Epictète cite « nos opinions, nos impulsions, nos désirs, nos aversions ; en un mot, toutes nos actions » en prenant garde, avant d’agir, de bien savoir si ce que nous entreprenons et le but que nous visons dépendent de nous ou pas. Et par conséquent, si nous pouvons l’atteindre ou non. Cela n’est pas sans rappeler un vers du grand poète Pindare : « Sachons donc borner notre ambition ; c’est un funeste délire que de soupirer après ce qu’on ne peut atteindre ».
Nous revenons donc aux opinions que nous avons et par conséquent, aux jugements que nous portons. C’est notre entière liberté que de décider quel jugement nous portons sur telle ou telle chose. Mais également sur d’autres personnes. A y bien réfléchir, ces jugements souvent dépréciatifs n’apportent rien de positif, ni pour soi ni pour celui à qui on les adresse.
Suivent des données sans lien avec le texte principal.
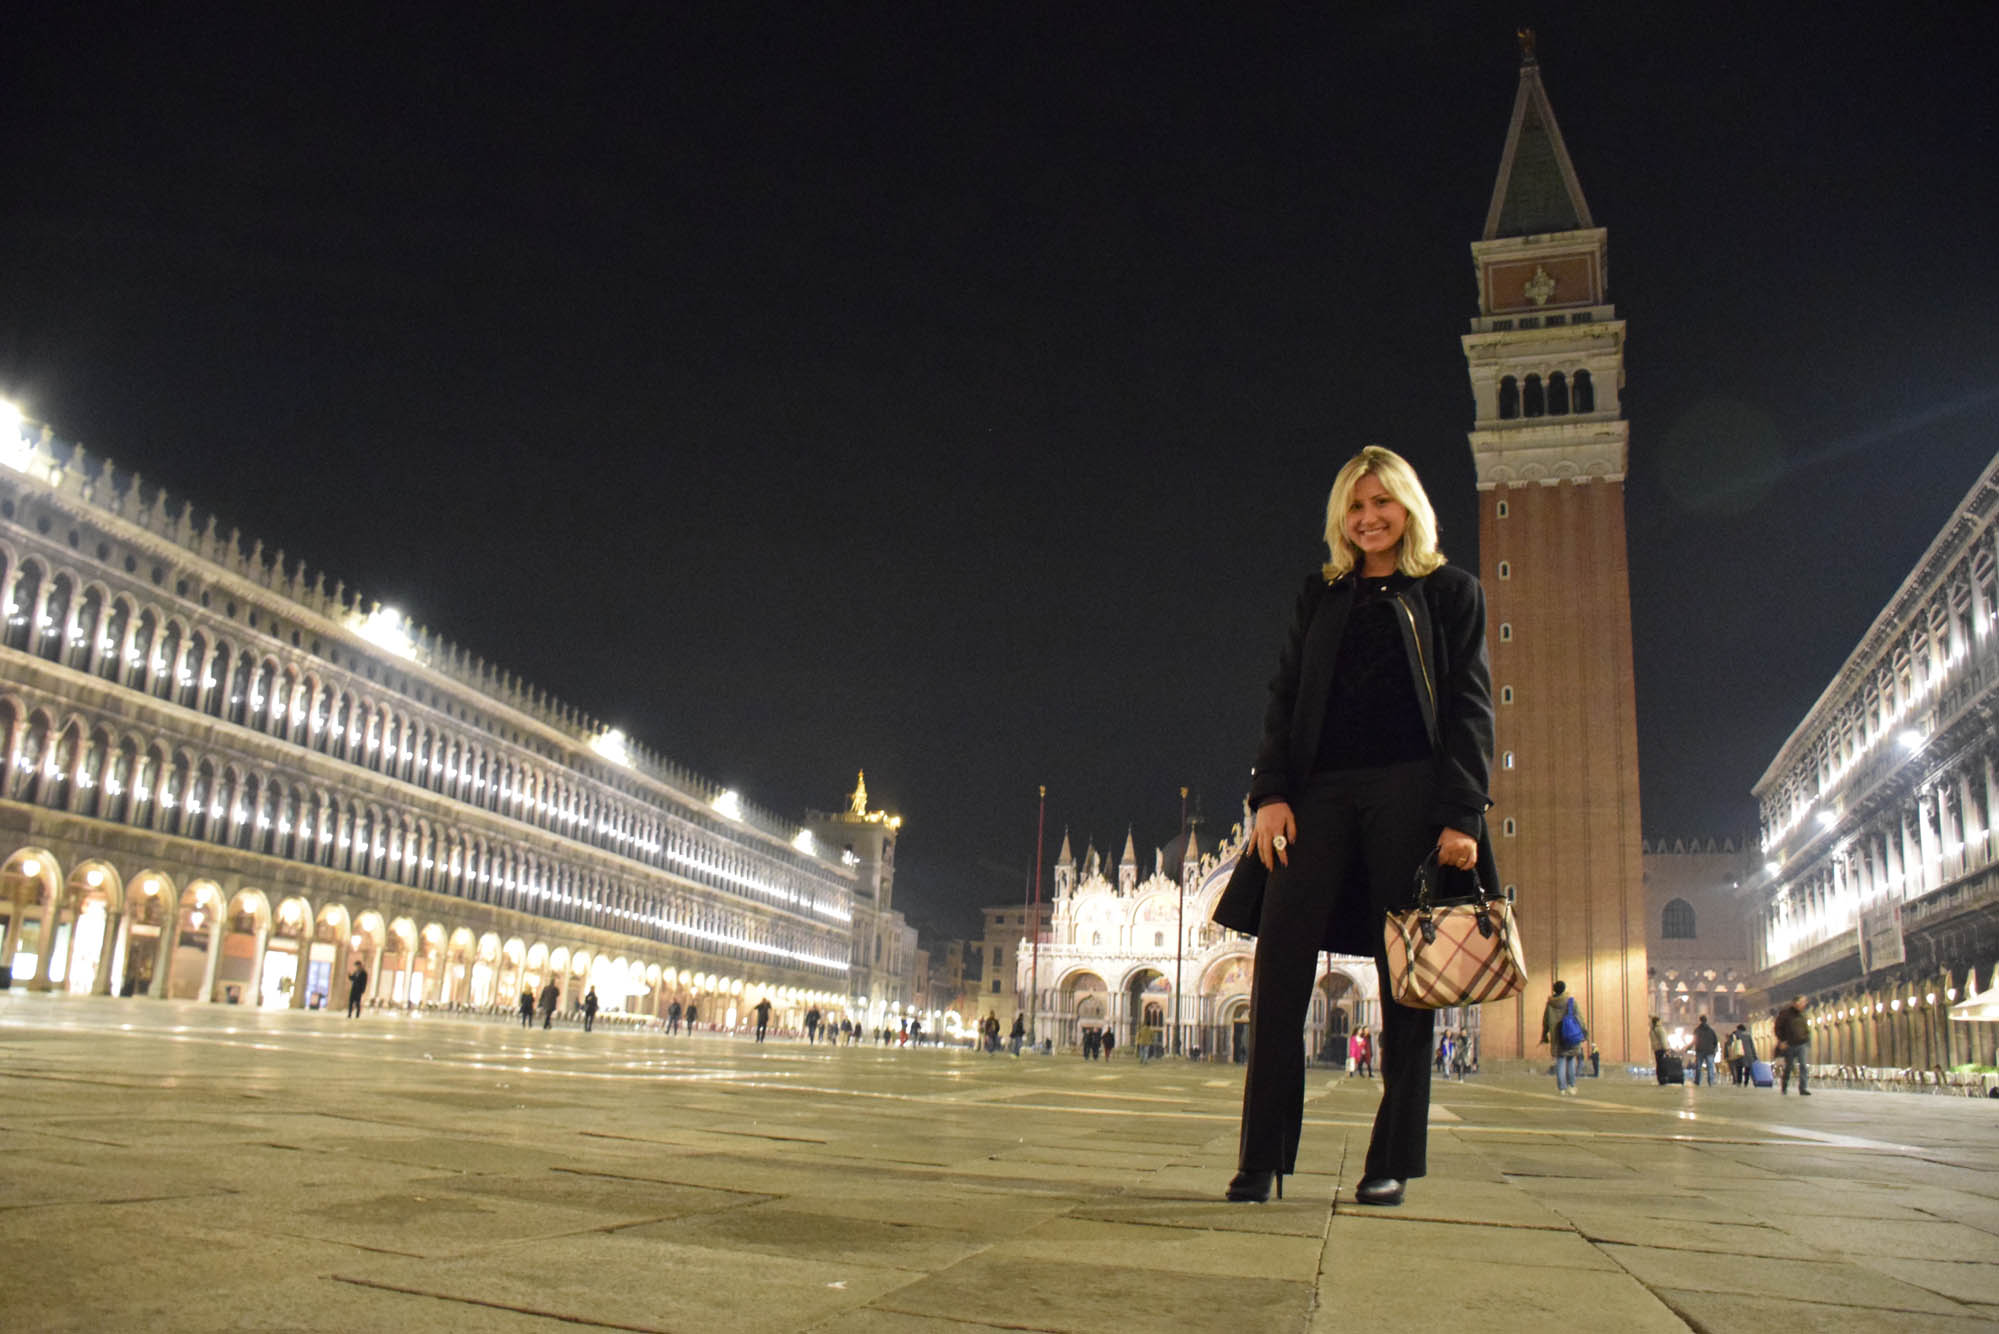 Piazza San Marco a noite: iluminada, linda, vazia, imponente e SEM POMBAS!! o/
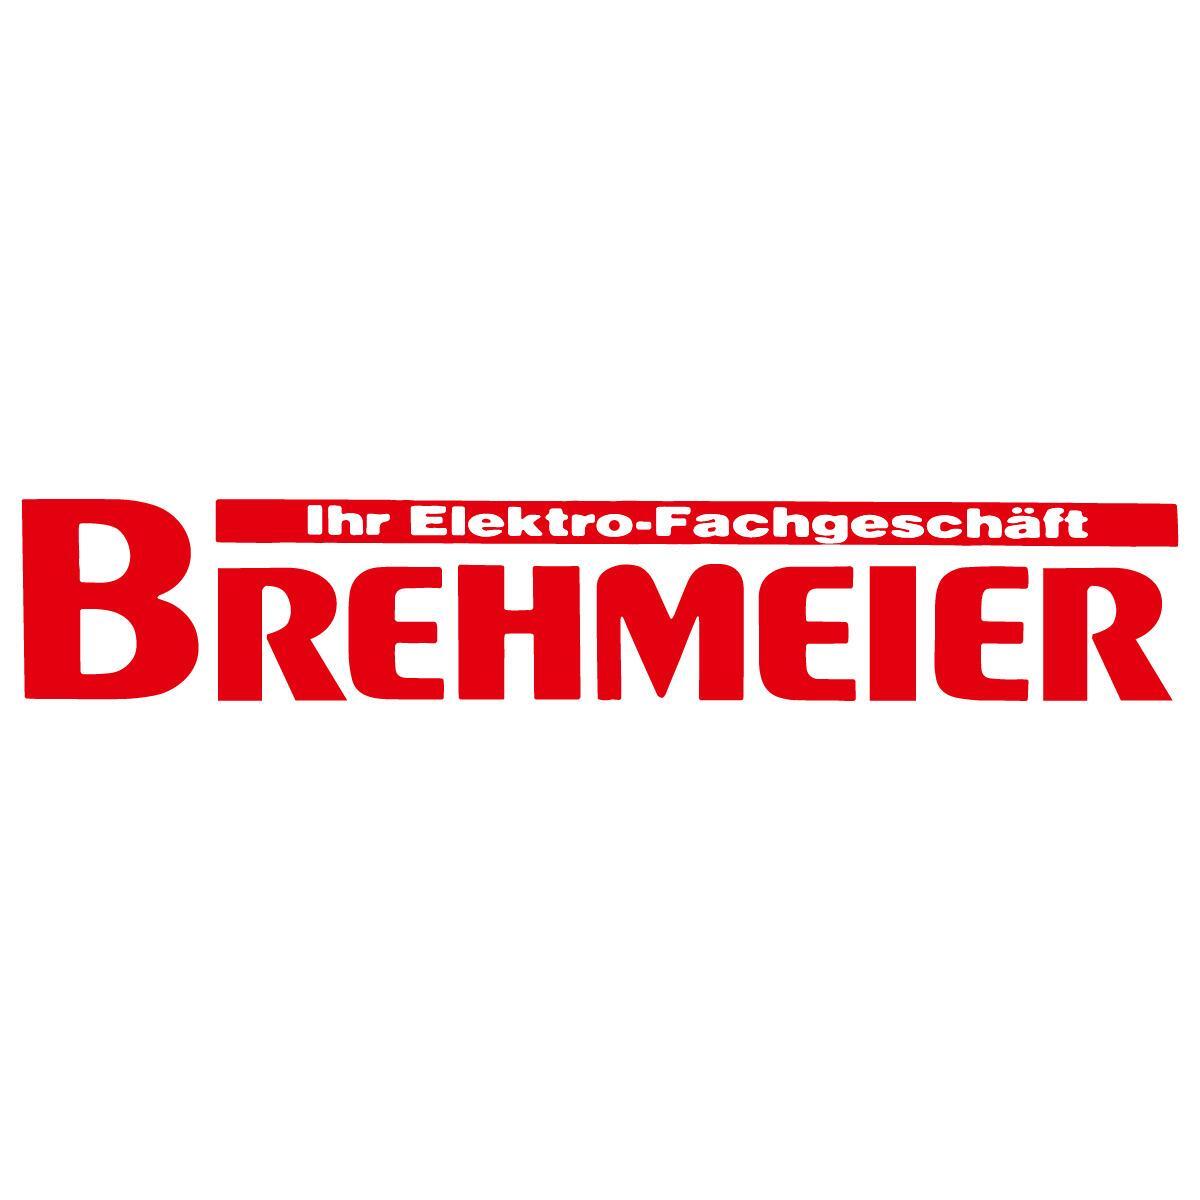 Heinrich Brehmeier Elektro-Fachgeschäft

Epictète illustre cela d’une jolie manière : « Quelqu’un se baigne de bonne heure : ne dis pas que c’est mal ; dis que c’est de bonne heure. Quelqu’un boit beaucoup de vin : ne dis pas que c’est mal ; dis qu’il boit beaucoup de vin. Car avant d’avoir reconnu comment il en juge, d’où peux-tu savoir si c’est mal ? Ainsi il ne t’arrivera pas d’avoir des idées évidentes de certaines choses et d’acquiescer à d’autres ».
Intéressant, n’est-ce pas ? Si nous réfléchissons aux multiples pensées qui nous traversent l’esprit, combien de fois ne portons nous pas un jugement de valeur sur un évènement ou sur une personne sans rien en connaitre ? Ou ne calquons nous pas sur autrui notre propre représentation de ce qui devrait être ? En gros, nous ne cessons de considérer comme mal le fait qu’Un Tel boive beaucoup de vin ! Et pire, nous le colportons. Or, qu’est ce que « beaucoup » ? En quoi ou par rapport à quoi est-ce mal ?
Il ne s’agit pas de culpabiliser à outrance mais juste de réfléchir à tous les jugements que nous portons et qui bien souvent, ne nous apportent rien de positif et au contraire, esquintent nos relations avec autrui. Juste y réfléchir et en tirer nos propres conclusions. Notre jugement, c’est notre liberté complète, celle de la pensée : elle dépend entièrement de nous. Et tant qu’à porter des jugements de valeur, autant faire en sorte qu’ils soient une contribution positive et constructive et non négative et dépréciative.
C’est sur ce point qu’Epictète veut attirer notre attention. Pour lui, ces jugements sont des faux raisonnements qui nous mènent à porter une appréciation sur quelque chose ou quelqu’un sans en connaitre ni les motivations ni le contexte. Ils deviennent déceptifs. Pire, cela mène à l’injustice.
C’est ce que relevait le philosophe néoplatonicien Simplicius dans ses commentaires : « Nous portons notre jugement sur ce que nous ne voyons pas en disant que ce que nous voyons est bien ou mal fait. Or, il n’y a rien de plus injuste ni de plus absurde que de voir une chose et d’en dire une autre. Et le but d’Epictète n’est pas tant de nous empêcher de louer ou de blâmer à la légère que de nous porter à nous abstenir de blâmer injustement ».
Beaucoup de nos jugements sont négatifs et n’en sont pas pour autant exacts. Il est donc important, grâce à la réflexion, de travailler sur ces jugements pour les modifier. De cette manière, on rejoint l’un des credo stoïciens en exprimant une acceptation pleine et entière de la vie telle qu’elle se présente et qu’Epictète formule ainsi : « Ne demande pas que ce qui arrive arrive comme tu veux. Mais veuille que les choses arrivent comme elles arrivent et tu seras heureux ».